I'm aware that similar questions have been posted before, for example here. But my question is not a duplicate since I am asking about my specific proof. Is it correct, and could it have been made simpler while retaining the same basic idea?
If $a_n\not\to 0$, let $\epsilon > 0$ be such that $a_n > \epsilon$ for infinitely many values of $n$. Then $$\frac{a_n}{1+a_n} = \frac{1}{1/a_n+1} > \frac{1}{\epsilon+1}$$ for infinitely many values of $n$. Thus $\frac{a_n}{1+a_n}\not\to 0$, and the series diverges.
On the other hand, assume that $a_n\to 0$. If $\sum\frac{a_n}{1+a_n}$ converges, then so does $\sum\frac{a_n^2}{1+a_n}$, by the comparison test.
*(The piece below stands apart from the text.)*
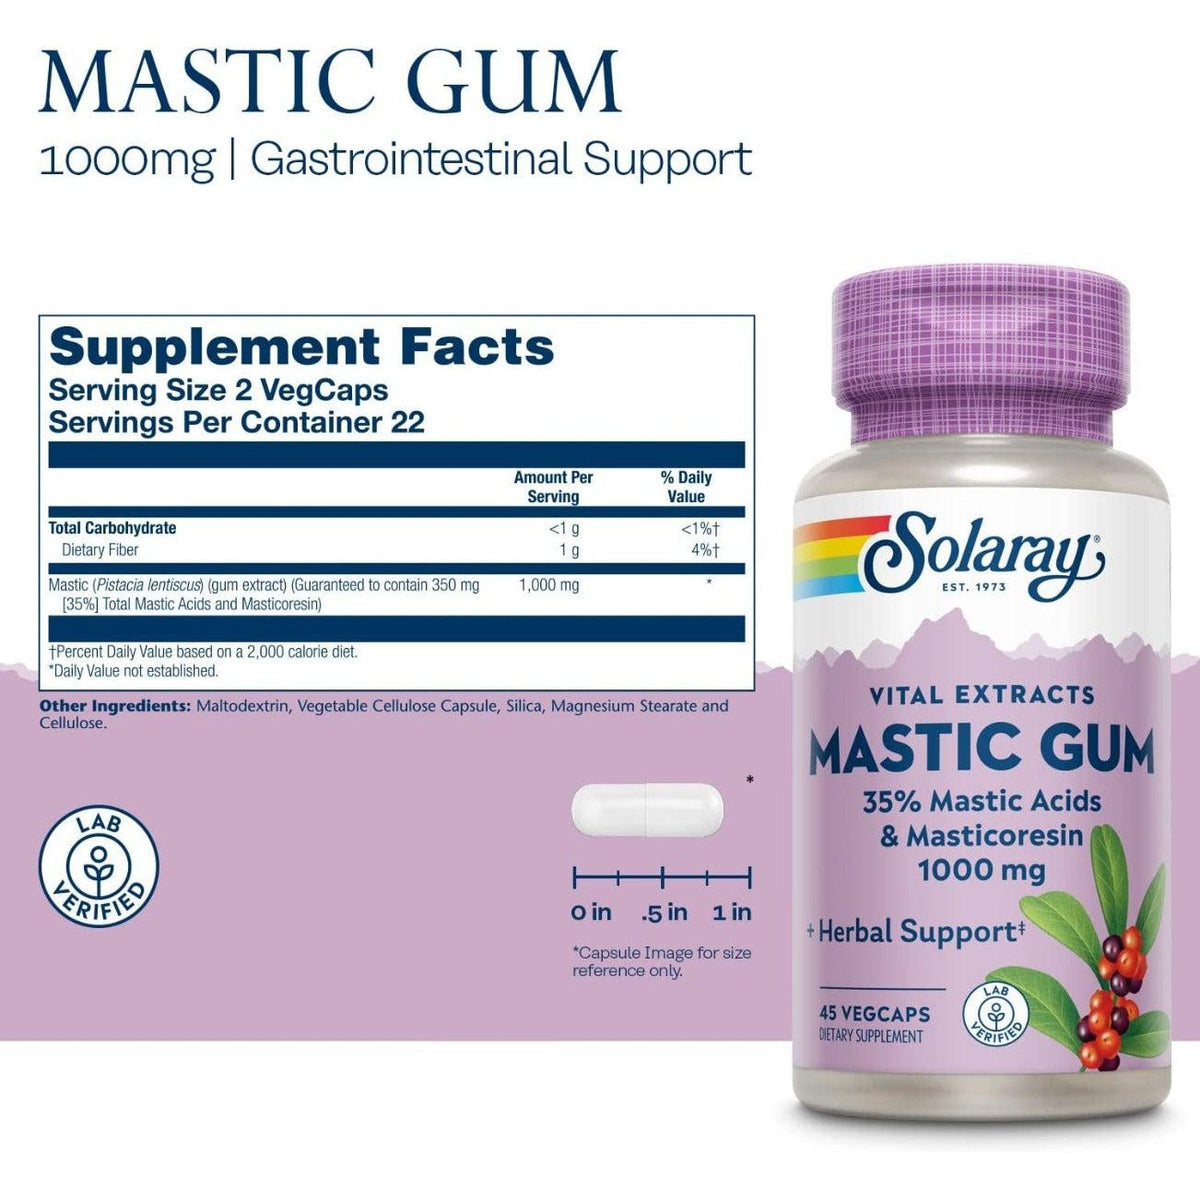 Solaray Mastic Gum Extract 1000mg 45 Vegetable Capsules
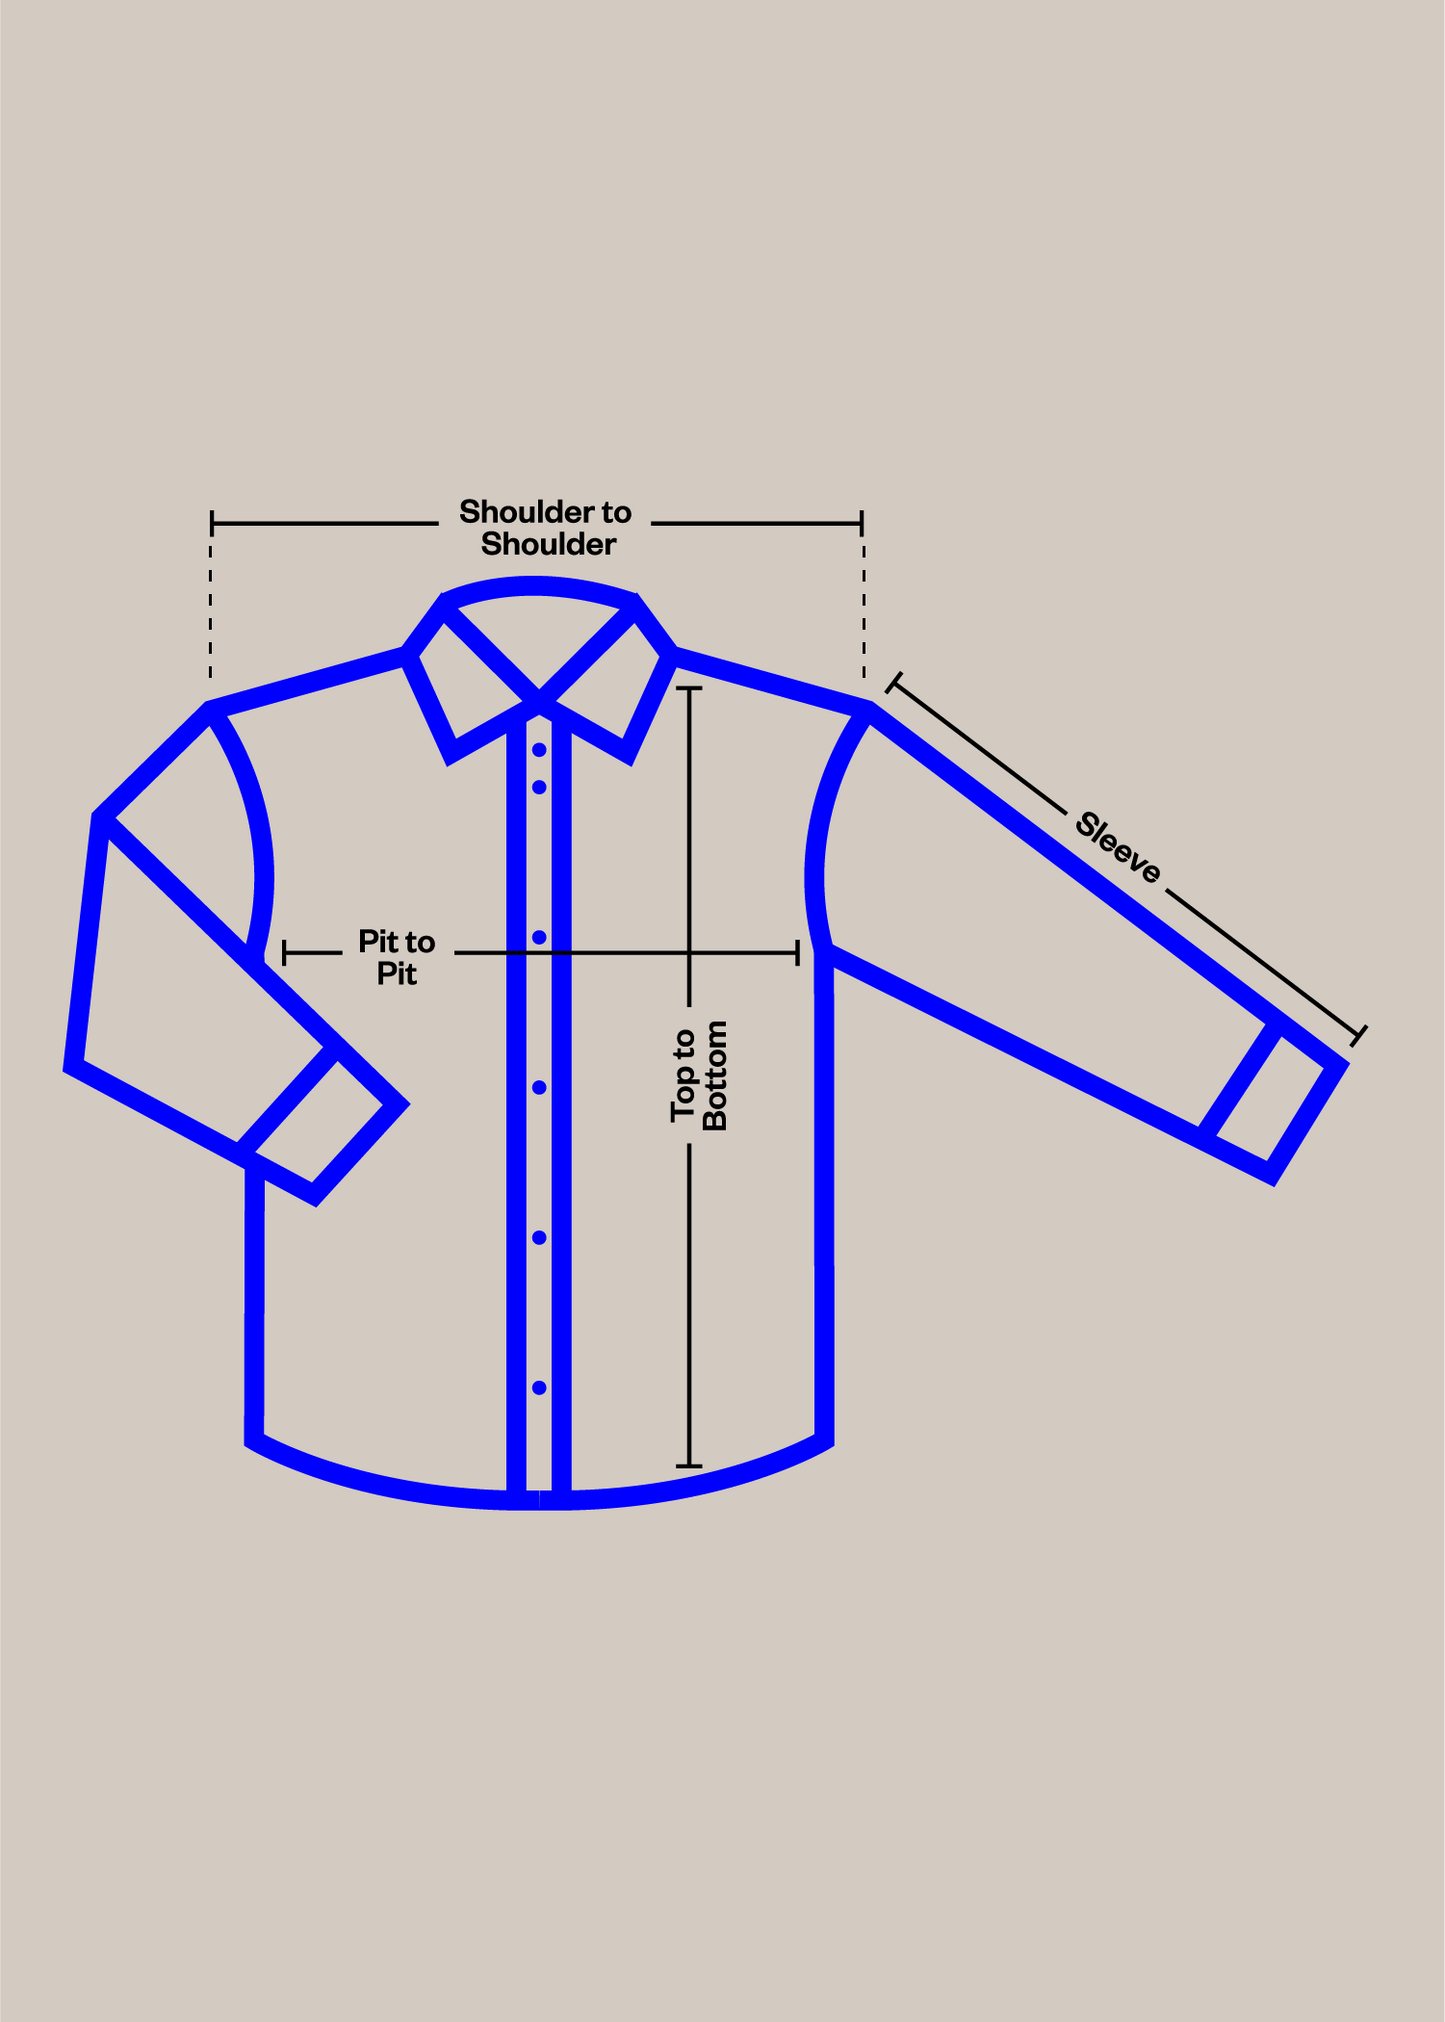 1980s Stabicott French Workwear Chore Jacket Size S/M

But then $$\sum a_n = \sum\left(\frac{a_n}{1+a_n} + \frac{a_n^2}{1+a_n}\right) = \sum\frac{a_n}{1+a_n} + \sum\frac{a_n^2}{1+a_n}$$ converges, a contradiction.
Source: This is problem 11(a) in chapter 3 of Rudin's Principles of Mathematical Analysis.
Best Answer
Yes, your arguments are correct, with the only caveat that your first inequality should have been $$ \frac{a_n}{a_n+1}>\frac1{\frac1\epsilon+1}. $$